I had Tresco under cabinet lighting installed in my house all of th lights with the exception of two work. As any enterprising contractor would I picked up a nifty tool to tell if there was power, there is...so why the heck wont the lights turn on under that one cabinet. I understand tha I am probably going to catch a lot of **** for the question just as you most likely would if you asked a stupid question about tile...lol...as long as the BS comes with some type of answer to point me in the right drection...I dont care. Thanks


----------



## SonoranShocker (Oct 28, 2008)

First thing is with the main power on from the wall switch you can check to see if each fixture has its own individual switch, and flip them on/off.

Second, a lot of times the bulbs come pre installed, but bounce out of the socket during shipping. You can try checking the bulbs to make sure they are seated properly, and that they are in good working order to save yourself some money.

Third with the POWER OFF you can open the cover of the non working fixtures, and make sure the connections are good, and correct. (white to white, black to black etc.)

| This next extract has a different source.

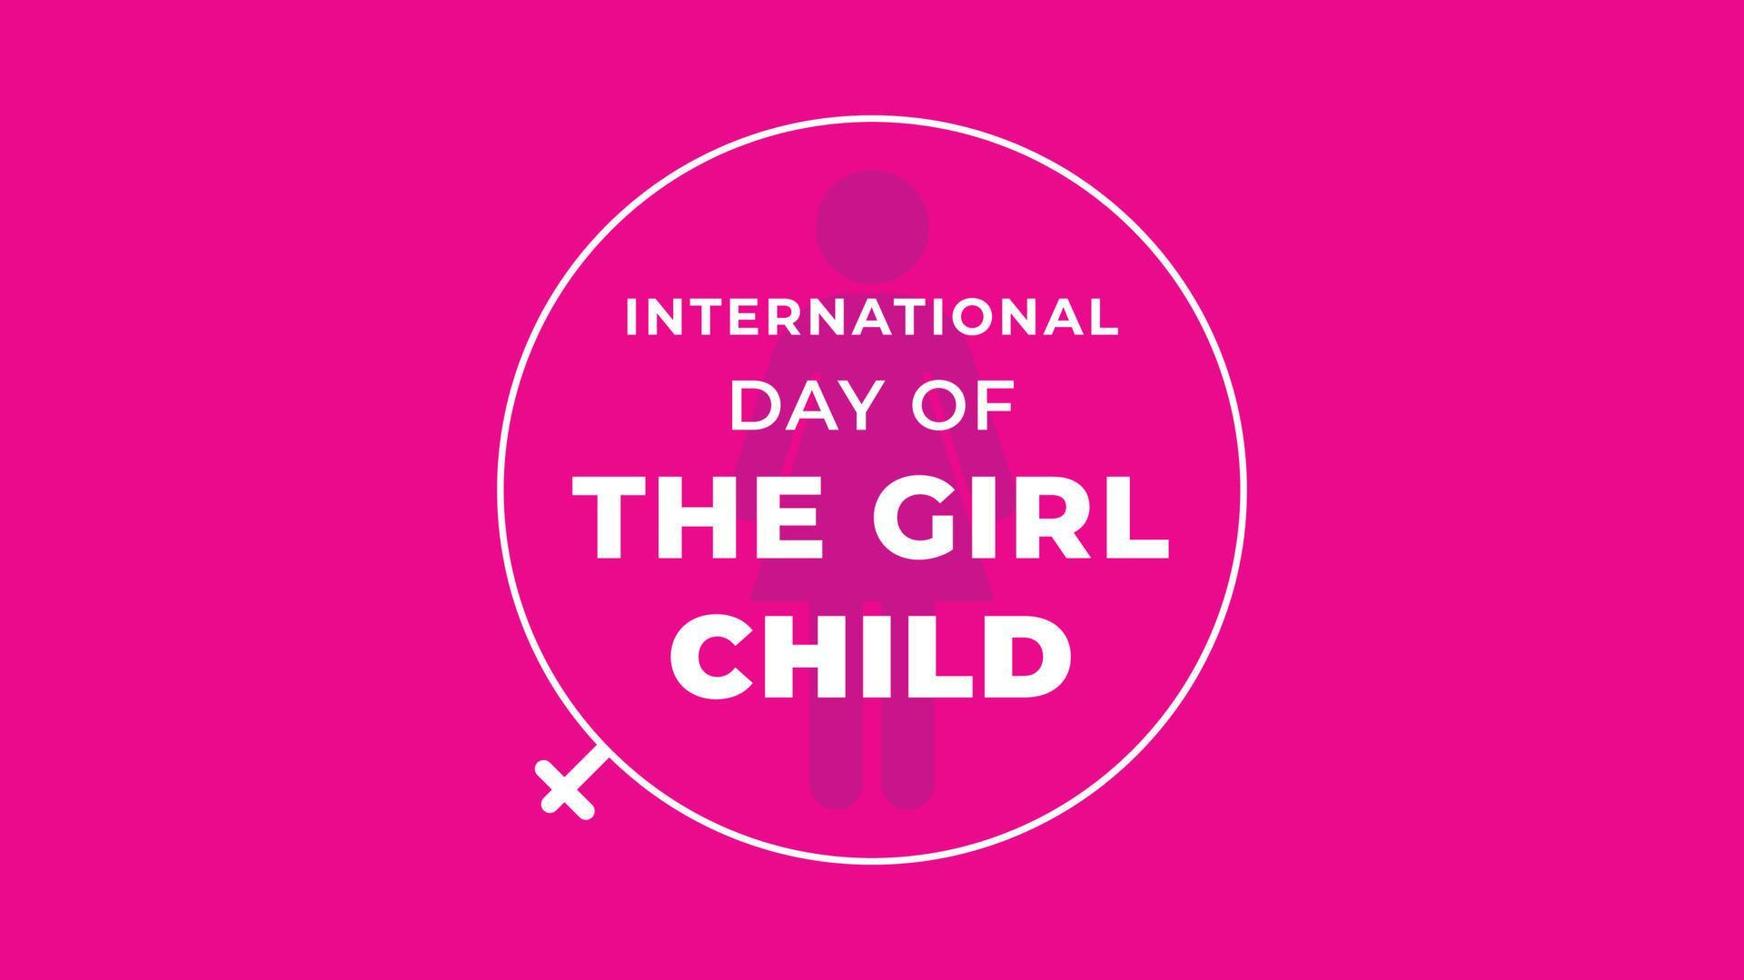 International Day of the Girl Child. Vector illustration

Thats pretty much as far as a DIYer should go in my book. After that call a licensed electrician.:thumbsup:


----------



## MMC73 (Aug 31, 2008)

Tried the above...it would appear that the bulbs are not working...now I feel like an ass.:stupid:
However I am going to pull the chick card and offer up a gracious thank you.


----------



## SonoranShocker (Oct 28, 2008)

Lol, no worries. Glad I could help! :clap:


----------



## TrblShooter (Oct 28, 2008)

Heya MMC
Best way to check something like this..is turn it off...switch out a known working bulb from a different light, turn it on..if it works then just get some new bulbs 
If not see other post lol


----------



## MMC73 (Aug 31, 2008)

TrblShooter said:


> Heya MMC
> Best way to check something like this..is turn it off...switch out a known working bulb from a different light, turn it on..if it works then just get some new bulbs
> If not see other post lol


Well it would appear that "playing" electrician is easy..want to walk me threw the 200amp panel install and the RI I need to accomodate the third story I am planning on building if the rain ever stops?? :whistling


----------